Still Not Fixing the Army Corpsby Editors
New York Times, March 19, 2007
Readers will recall that the Democrats promised to upend the status quo as soon as they won majority control. But some things, it appears, are untouchable, among them the Army Corps of Engineers. Presented with another opportunity to reform the Corps -- its weaknesses exposed by the levee failures in New Orleans and other misjudgments predating Hurricane Katrina -- Democrats on the House transportation committee took a dive.
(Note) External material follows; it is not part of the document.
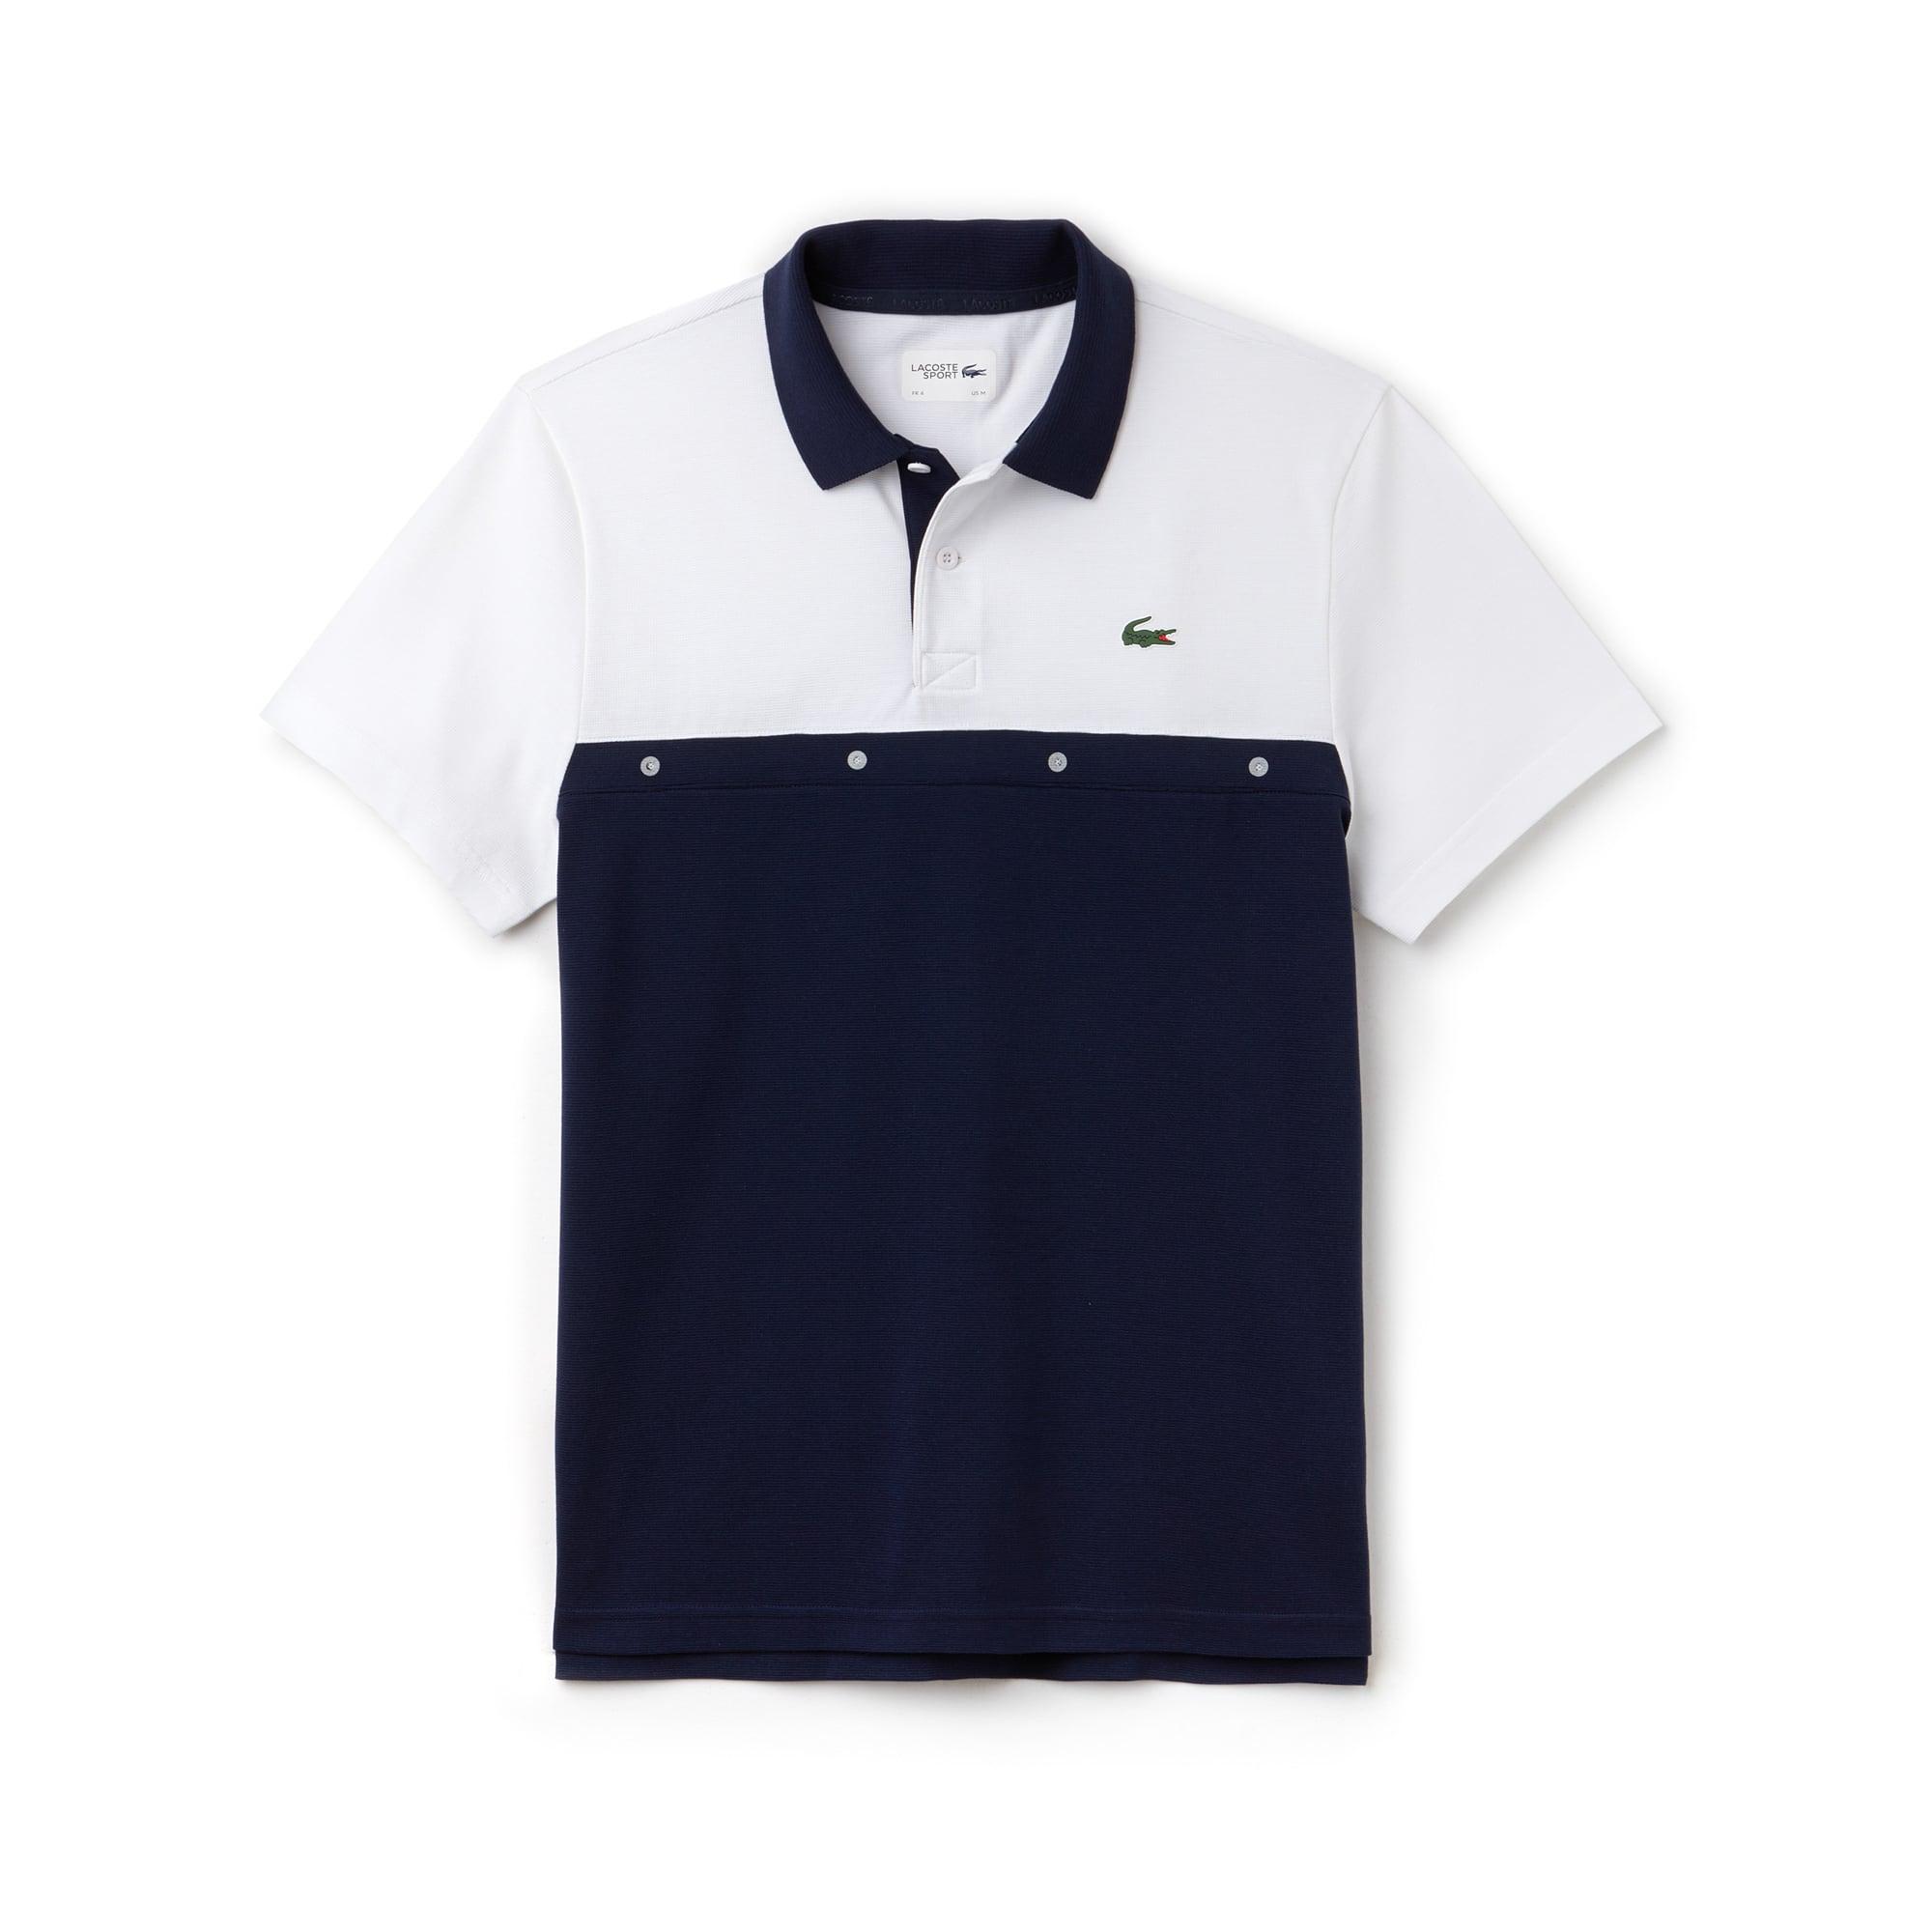 Men's Lacoste SPORT Colorblock Cotton Knit Tennis Polo

The committee approved a huge $40 billion water resources development bill that is loaded with pork-barrel projects dear to Congress's heart but, partly for that reason, is devoid of any serious reforms to an agency that over the years has inflated the economic payoffs of its projects while underestimating their potential damage to the environment. The measure, virtually identical to last year's Republican bill, seems assured of passage.
Hopes for reform now lie with the Senate, where John McCain and Russell Feingold are still seeking, against heavy odds, to require two major and essential changes in the way the corps does business. One would require truly independent review of the design, cost and environmental consequences of all corps projects costing more than $40 million.
The second reform would require that projects be ranked by an inter-agency committee of experts in order of importance based on priorities like flood control and environmental restoration. This reform is aimed at Congress itself, since members tend to regard projects that benefit their own districts and electoral prospects as more important than any others, and are thus incapable of anything approaching dispassionate judgment,
If Senator Barbara Boxer, who leads the Environment and Public Works Committee, fails to persuade her colleagues to accept these provisions in committee, the two senators will try to attach them to the water resources bill on the Senate floor.
In addition to the usual ration of pork, the bill contains several very important provisions, including vital and long-overdue financing for the Everglades restoration project, as well as money to begin the essential task of rebuilding Louisiana's vulnerable coastal wetlands. But it would be a far better bill if the Democrats, as they promised, would put the interests of responsive government ahead of their own and finally fix the Army Corps.